> About this exercise:
Output the listing below verbatim, but drop the images.

Top of Information supplied

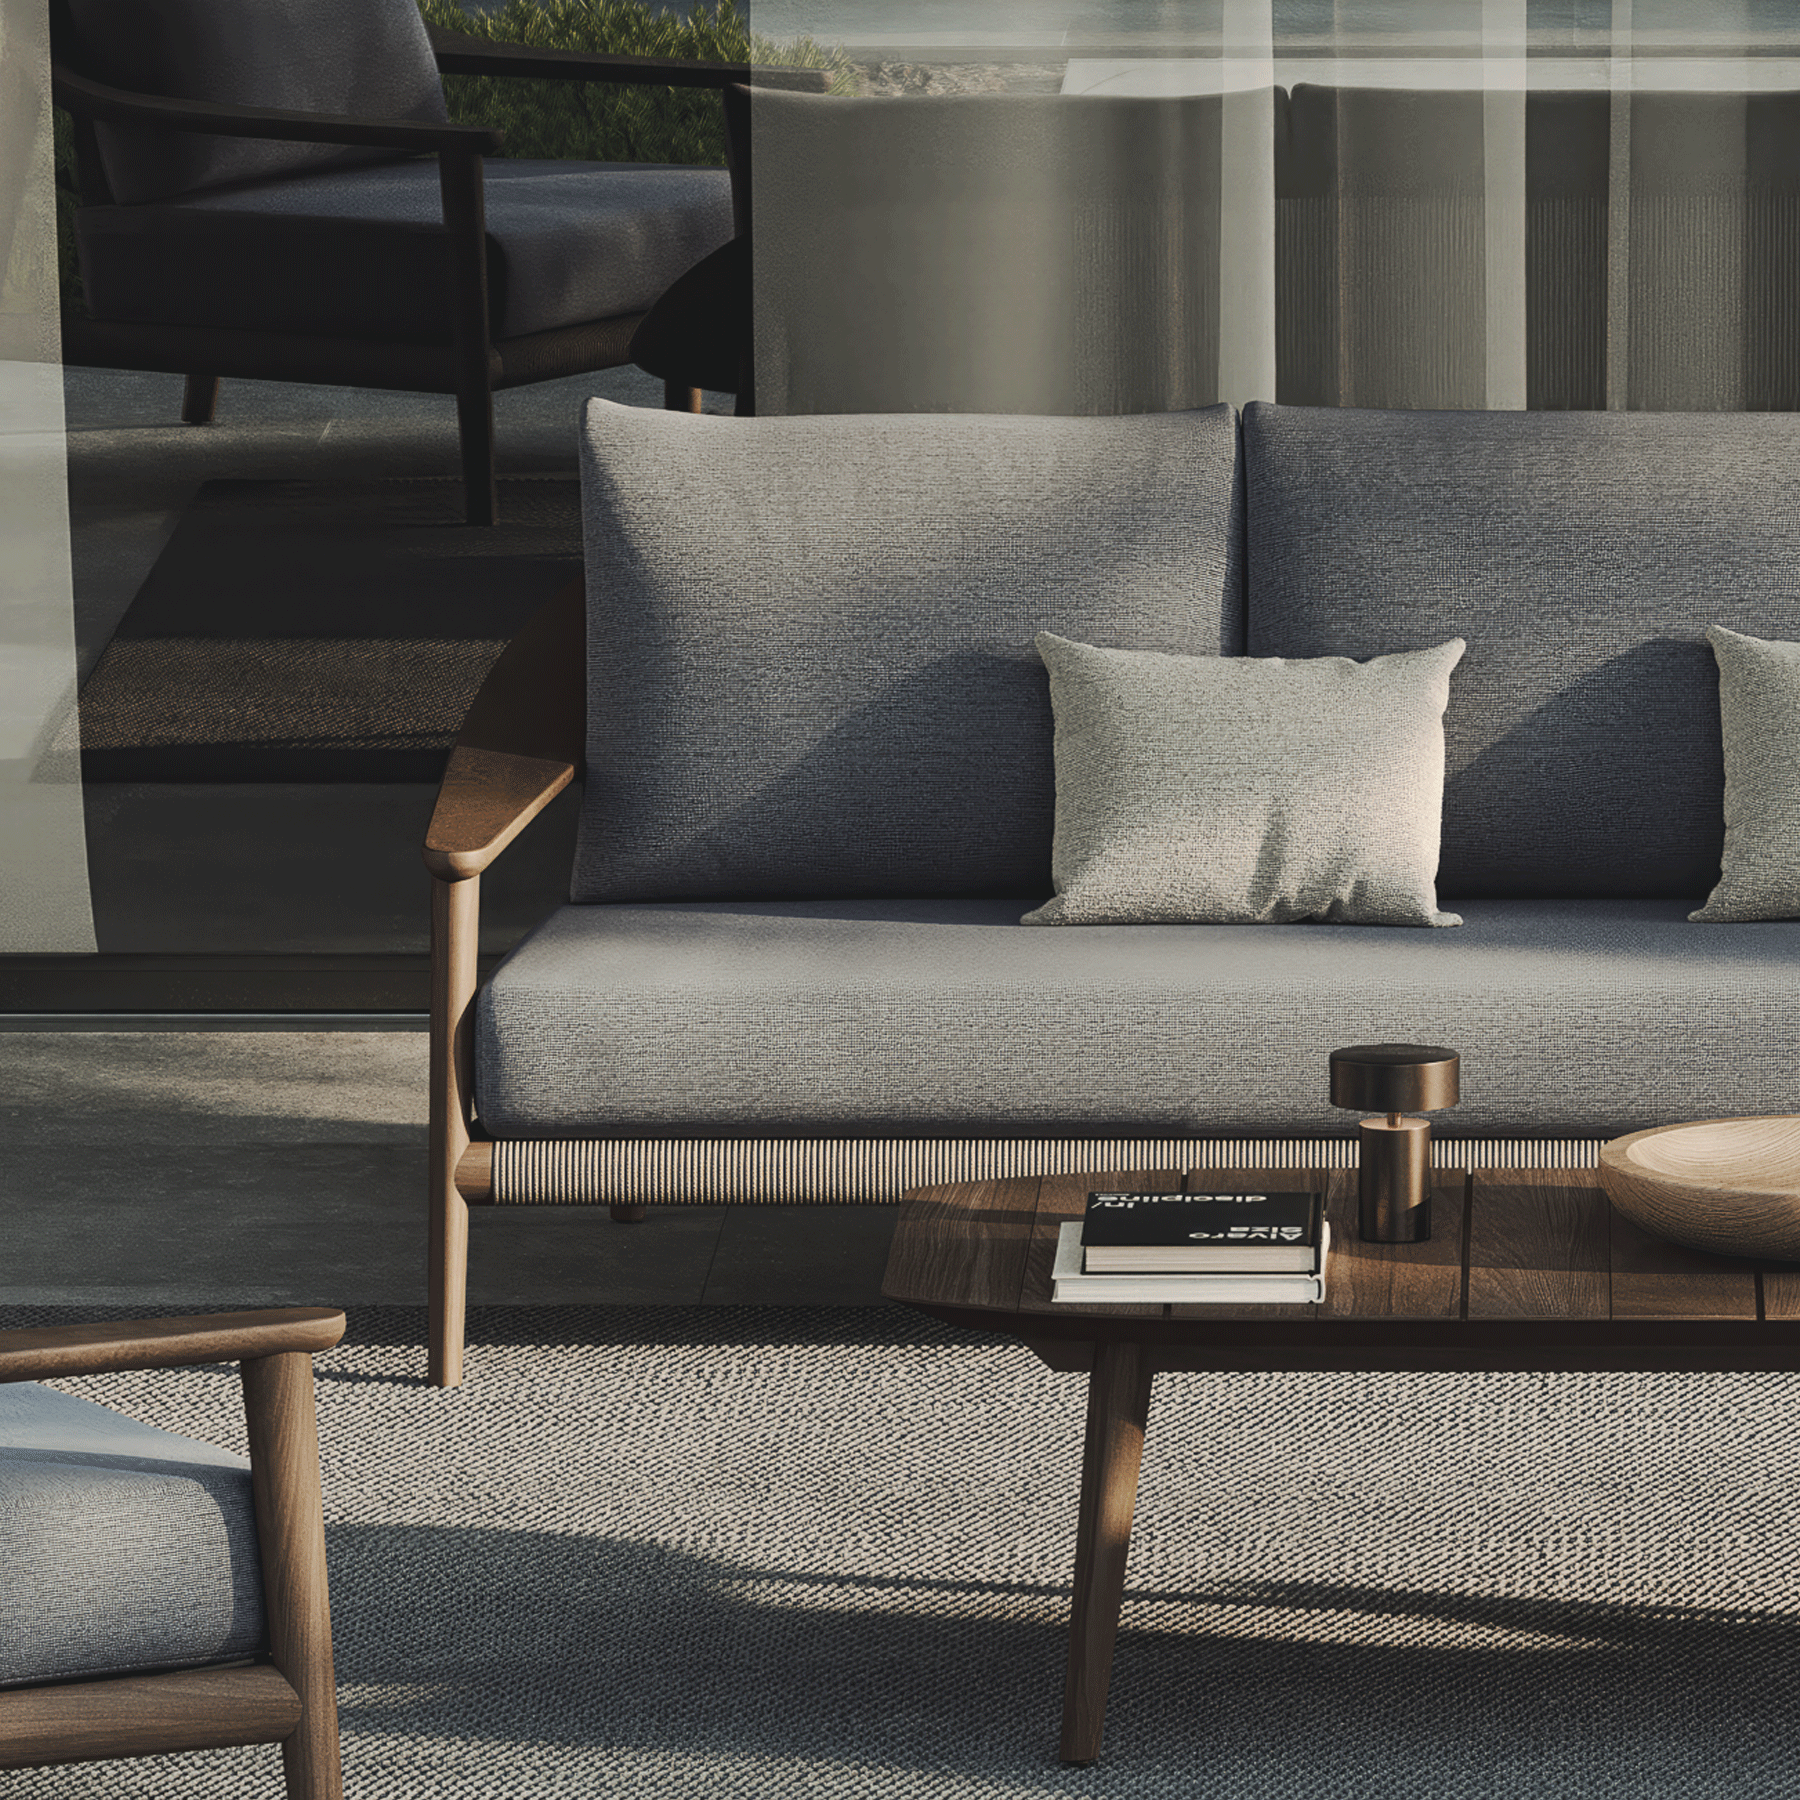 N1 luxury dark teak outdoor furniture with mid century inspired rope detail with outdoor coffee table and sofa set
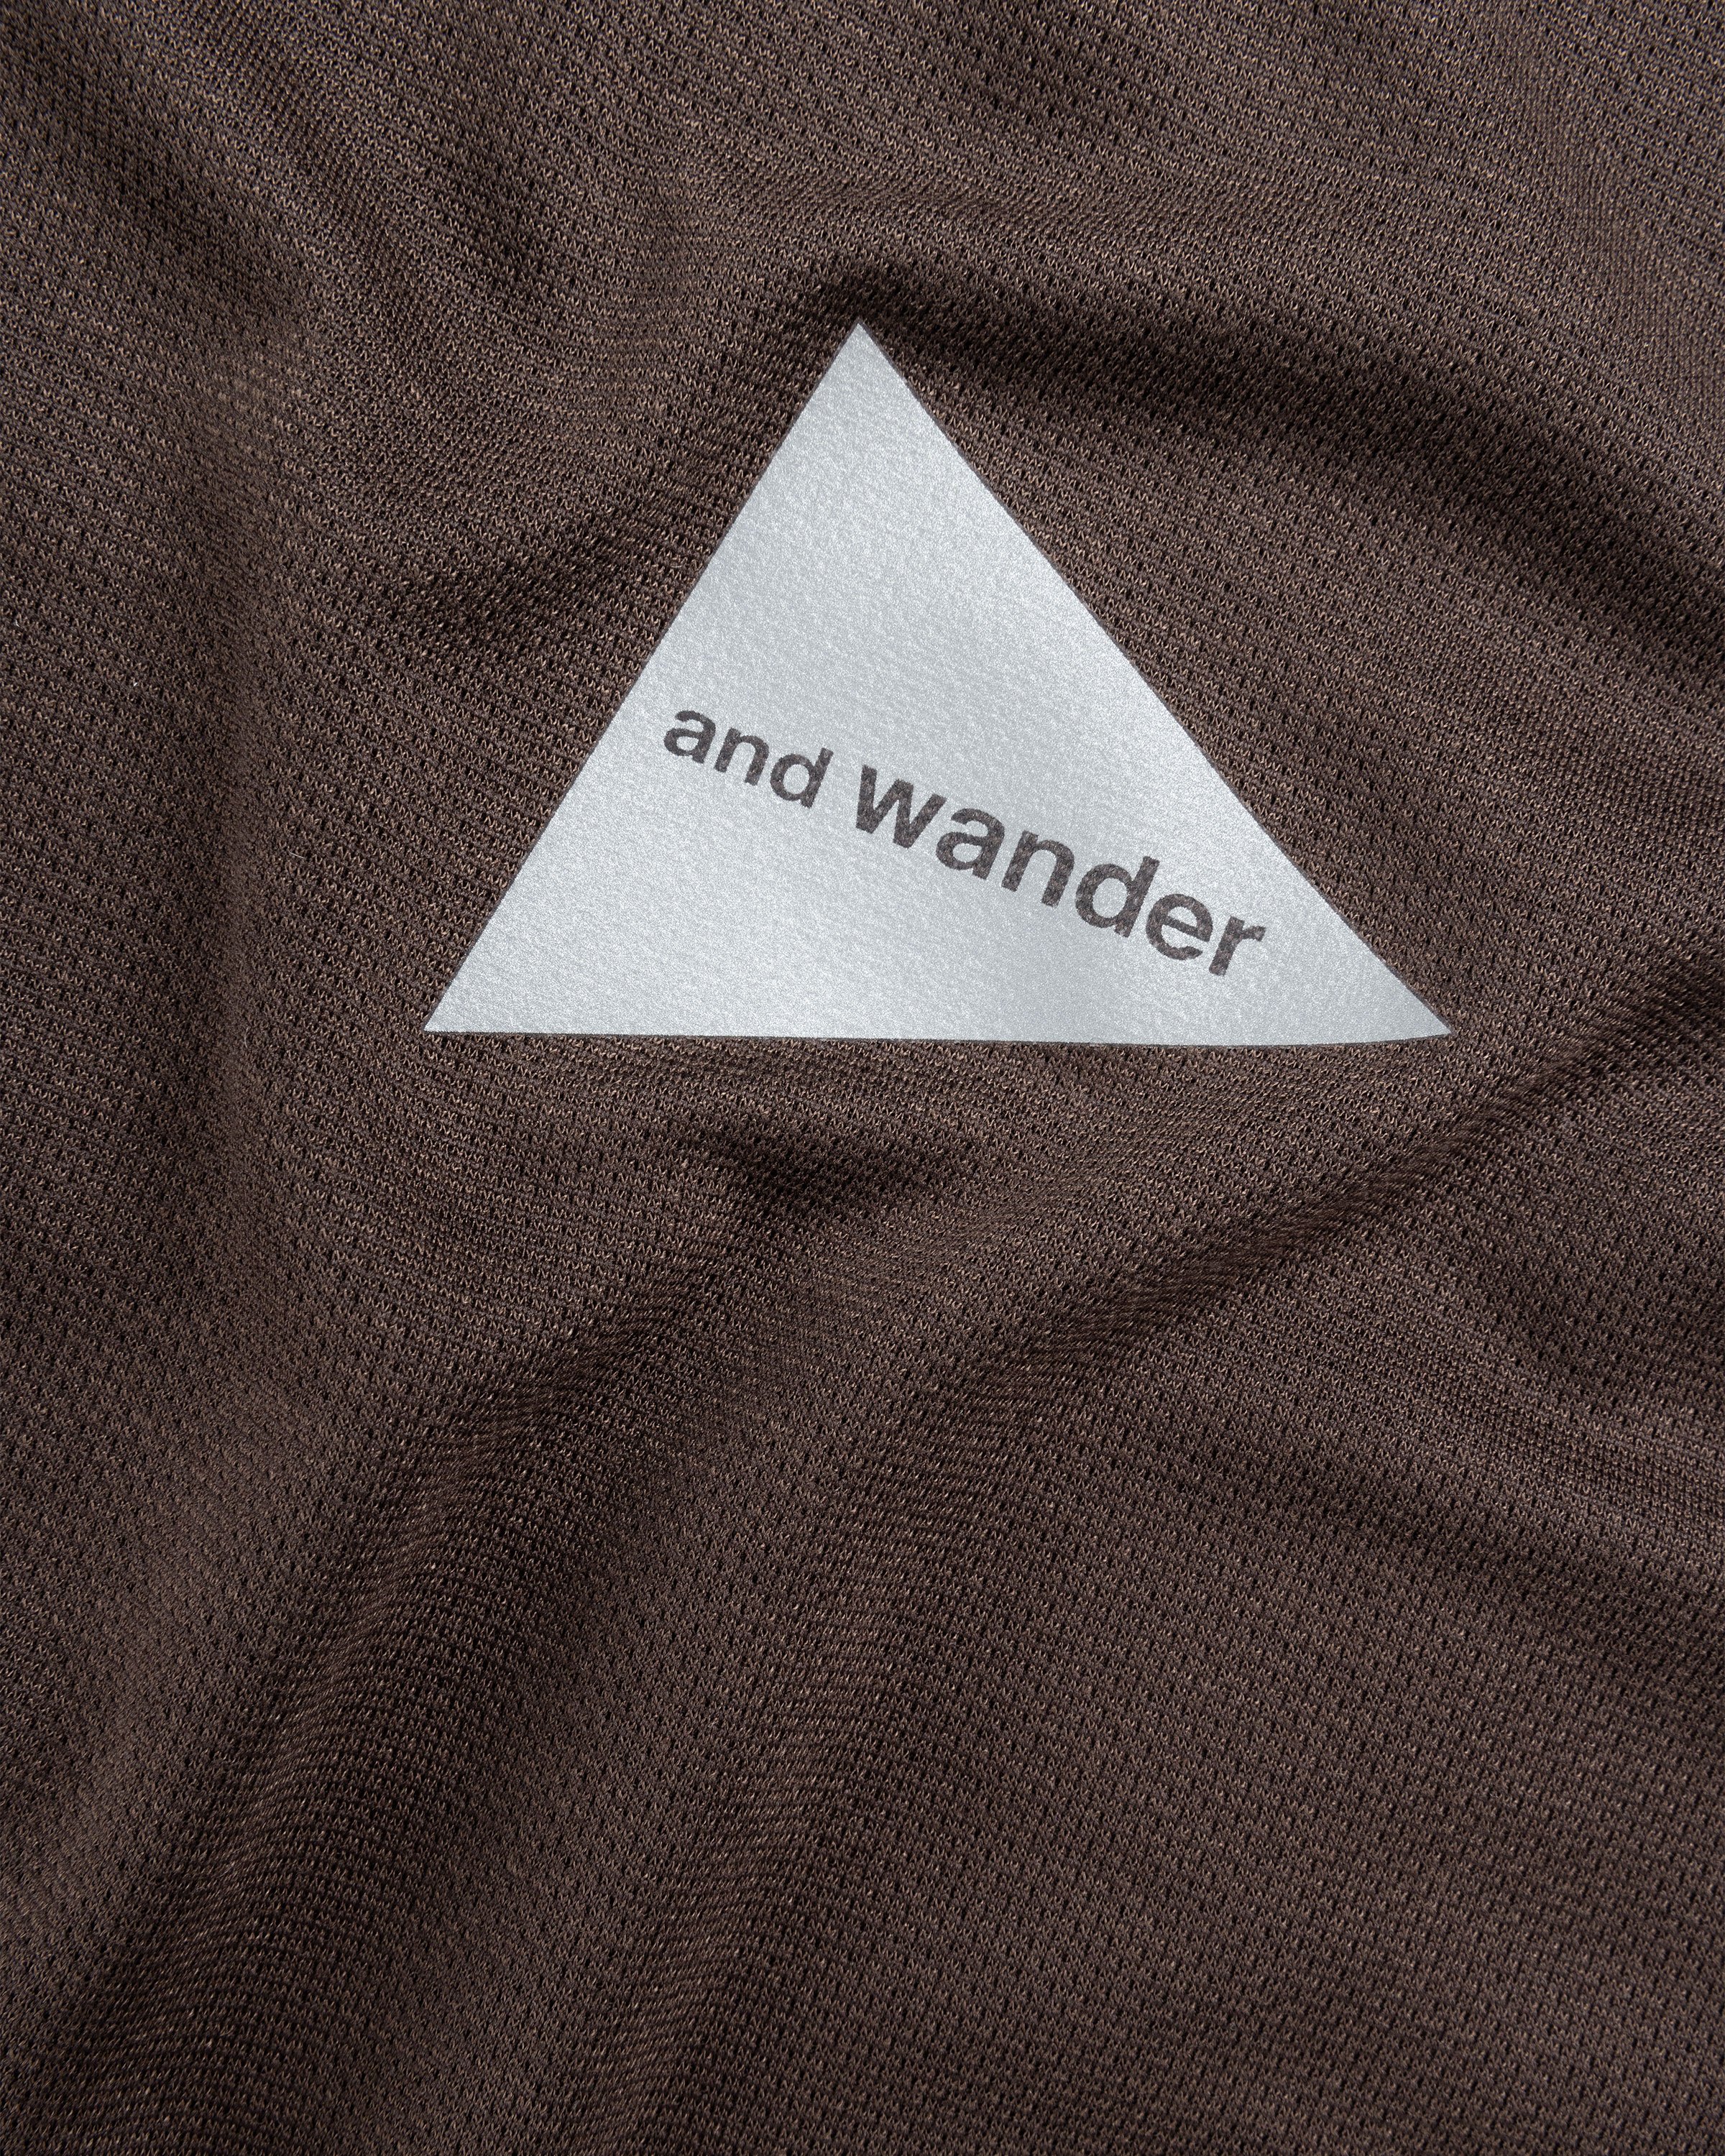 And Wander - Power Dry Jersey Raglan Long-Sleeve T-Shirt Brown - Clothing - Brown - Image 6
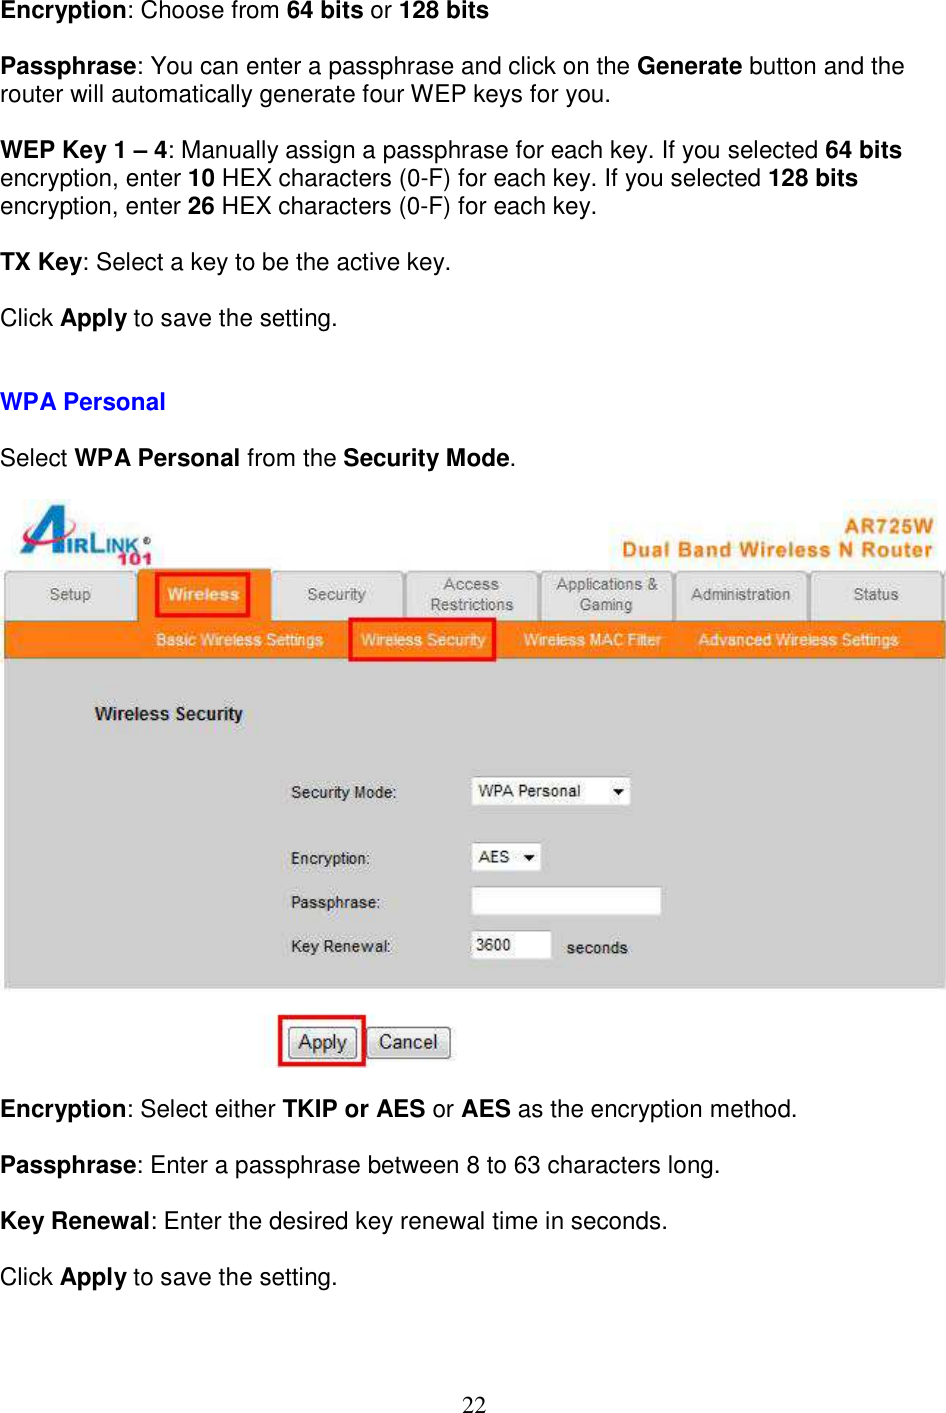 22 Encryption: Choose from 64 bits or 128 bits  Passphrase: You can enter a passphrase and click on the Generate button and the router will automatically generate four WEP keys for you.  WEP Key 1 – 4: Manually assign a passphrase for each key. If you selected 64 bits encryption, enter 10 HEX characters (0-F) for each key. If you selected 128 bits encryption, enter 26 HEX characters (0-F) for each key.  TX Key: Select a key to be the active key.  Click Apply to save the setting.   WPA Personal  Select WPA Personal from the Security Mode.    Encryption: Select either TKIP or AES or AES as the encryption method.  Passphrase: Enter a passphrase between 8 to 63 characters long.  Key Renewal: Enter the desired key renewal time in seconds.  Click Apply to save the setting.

Bottom of Information supplied

> Solution to this problem:
 N1 luxury dark teak outdoor furniture with mid century inspired rope detail with outdoor coffee table and sofa set
 And Wander - Power Dry Jersey Raglan Long-Sleeve T-Shirt Brown - Clothing - Brown - Image 6
 22 Encryption: Choose from 64 bits or 128 bits  Passphrase: You can enter a passphrase and click on the Generate button and the router will automatically generate four WEP keys for you.  WEP Key 1 – 4: Manually assign a passphrase for each key. If you selected 64 bits encryption, enter 10 HEX characters (0-F) for each key. If you selected 128 bits encryption, enter 26 HEX characters (0-F) for each key.  TX Key: Select a key to be the active key.  Click Apply to save the setting.   WPA Personal  Select WPA Personal from the Security Mode.    Encryption: Select either TKIP or AES or AES as the encryption method.  Passphrase: Enter a passphrase between 8 to 63 characters long.  Key Renewal: Enter the desired key renewal time in seconds.  Click Apply to save the setting.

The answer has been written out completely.